Journalist and writer Ali Bulaç has said he believes Russia planned Turkey’s July 15, 2016 coup attempt to draw Ankara away from NATO and into Moscow’s orbit.
Bulaç made the remarks on Ali Bulaç ile Otobiyografi, a program published on the Atlas Fikir Kulübü YouTube channel, where he discussed what he described as the internal and external dynamics behind July 15.
“In my personal view, the plan for this coup attempt was made by the Russians,” Bulaç said. “The aim was to pull Turkey away from the NATO alliance and bring it over to their side.”
He added that after 2016 Turkey “rapidly moved away from the West and drew closer to Russia,” according to a report summarizing the program.

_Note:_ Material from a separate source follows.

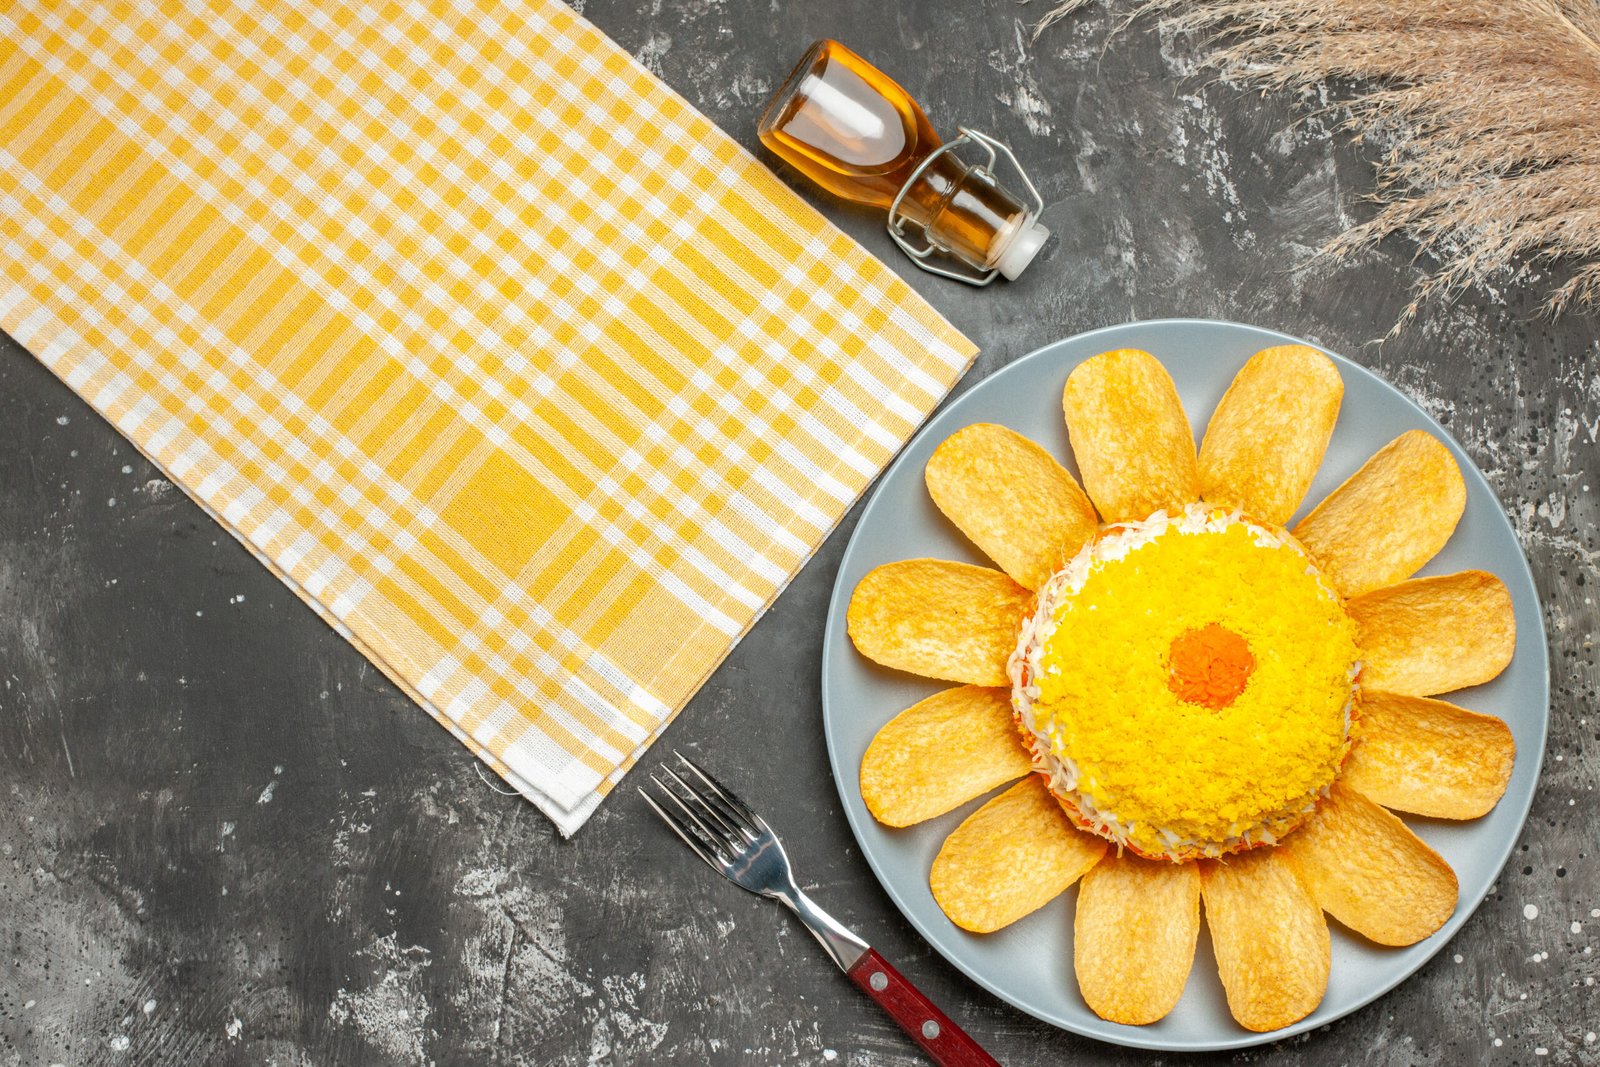 Yellow kitchen towel beside a plate with a yellow flower on it.
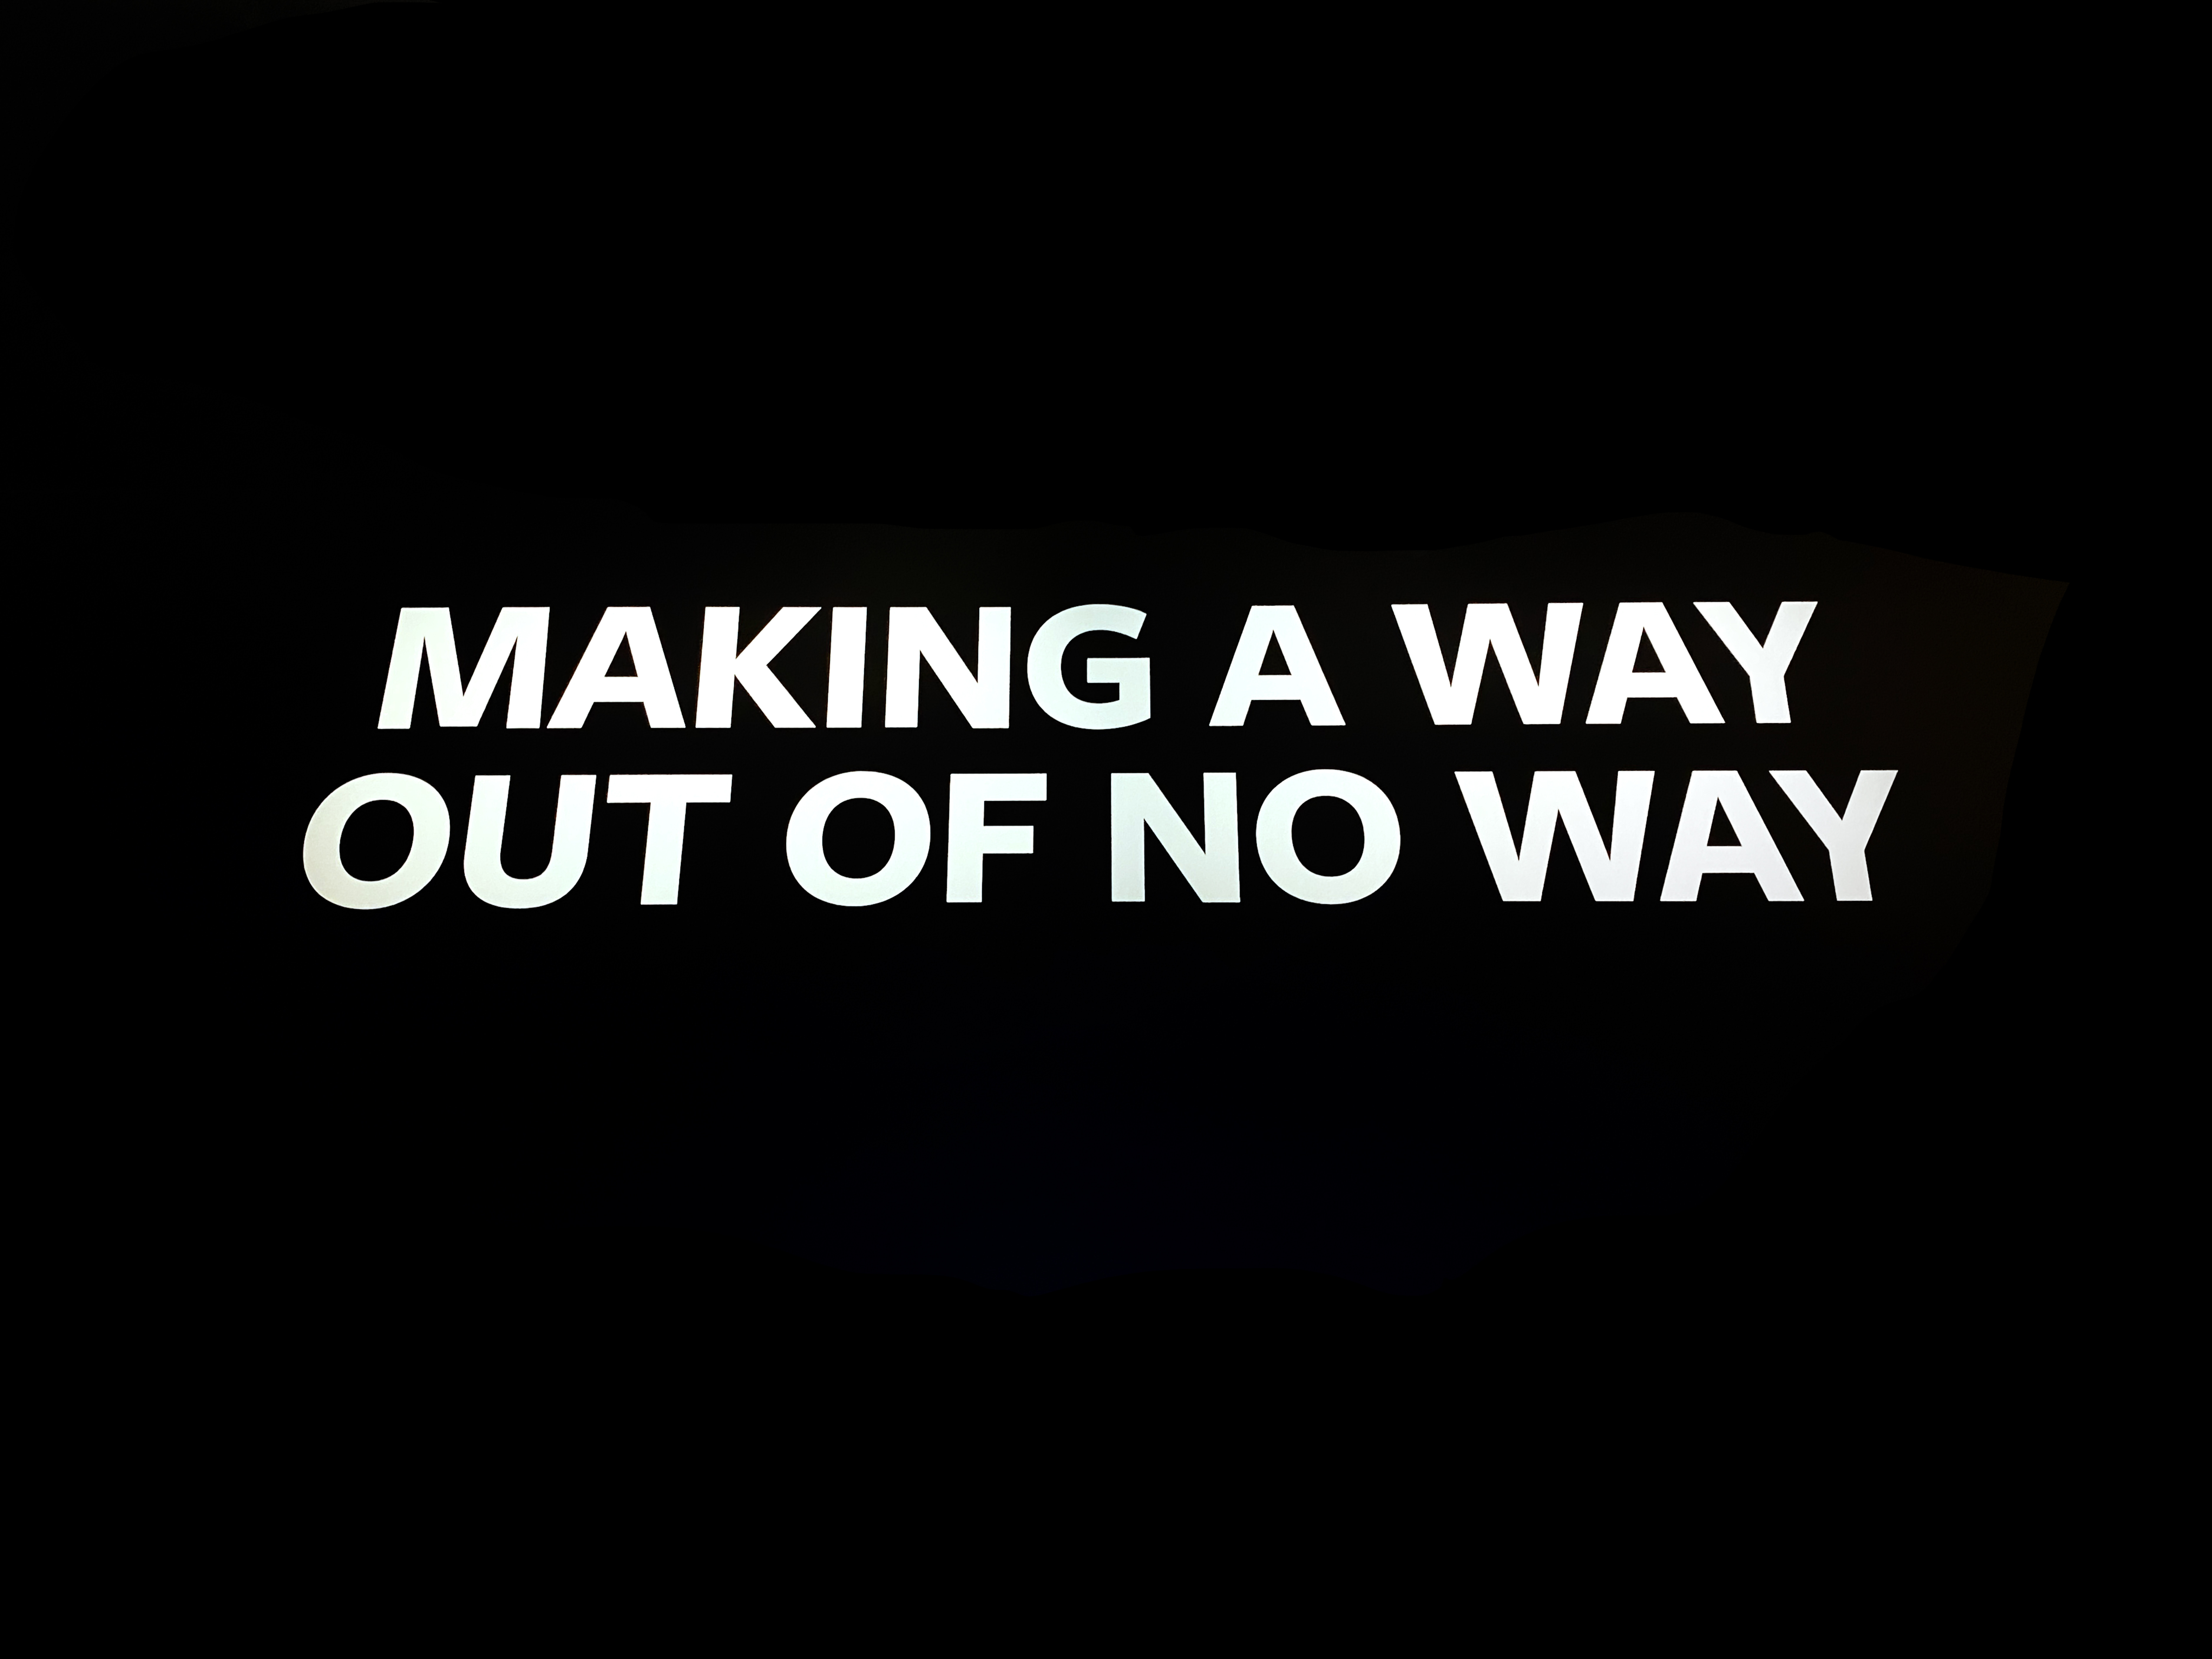 Making a way out of no way quote on a balck background

Bulaç also claimed that inside Turkey the process involved an alliance of Eurasianist, nationalist and ulusalcı circles. The term ulusalcı is generally used in Turkey for a hardline secular nationalist current that is often hostile to Western influence.
His remarks offer a different reading of July 15 from both the Turkish government’s official account and many opposition narratives.
Ankara designates the Gülen movement, a transnational civic initiative inspired by Islamic scholar Fethullah Gülen, as a terrorist organization and blames it for Turkey’s 2016 coup attempt. The movement denies involvement in the coup or any terrorist activity.
Bulaç’s comments should be understood as his personal assessment. No independent court or international investigation has established that Russia planned the coup attempt.
The claim, however, touches on a wider debate over Turkey’s foreign-policy shift after July 15.
Turkey has been a NATO member since 1952, and the Turkish Foreign Ministry describes NATO as a cornerstone of Turkey’s defense and security policy.
Relations between Ankara and Moscow deepened after the coup attempt, most visibly through Turkey’s purchase of the Russian S-400 air defense system.
The United States began removing Turkey from the F-35 fighter jet program in 2019 after Ankara took delivery of the S-400, saying Turkey could not have both the Russian system and the fifth-generation fighter.
Bulaç, a former columnist for the now-closed Zaman newspaper, was detained after the coup attempt and spent 650 days in prison. Turkey’s Constitutional Court later ruled that his rights to freedom of expression and personal liberty had been violated, according to Independent Turkish.
His latest remarks add to continuing disputes over who benefited from July 15, how the coup attempt was used in domestic politics and whether the post-coup period marked a strategic break between Turkey and its Western allies.
Bulaç argued that the coup attempt and the purge that followed were used not only to reshape the state but also to change Turkey’s geopolitical direction.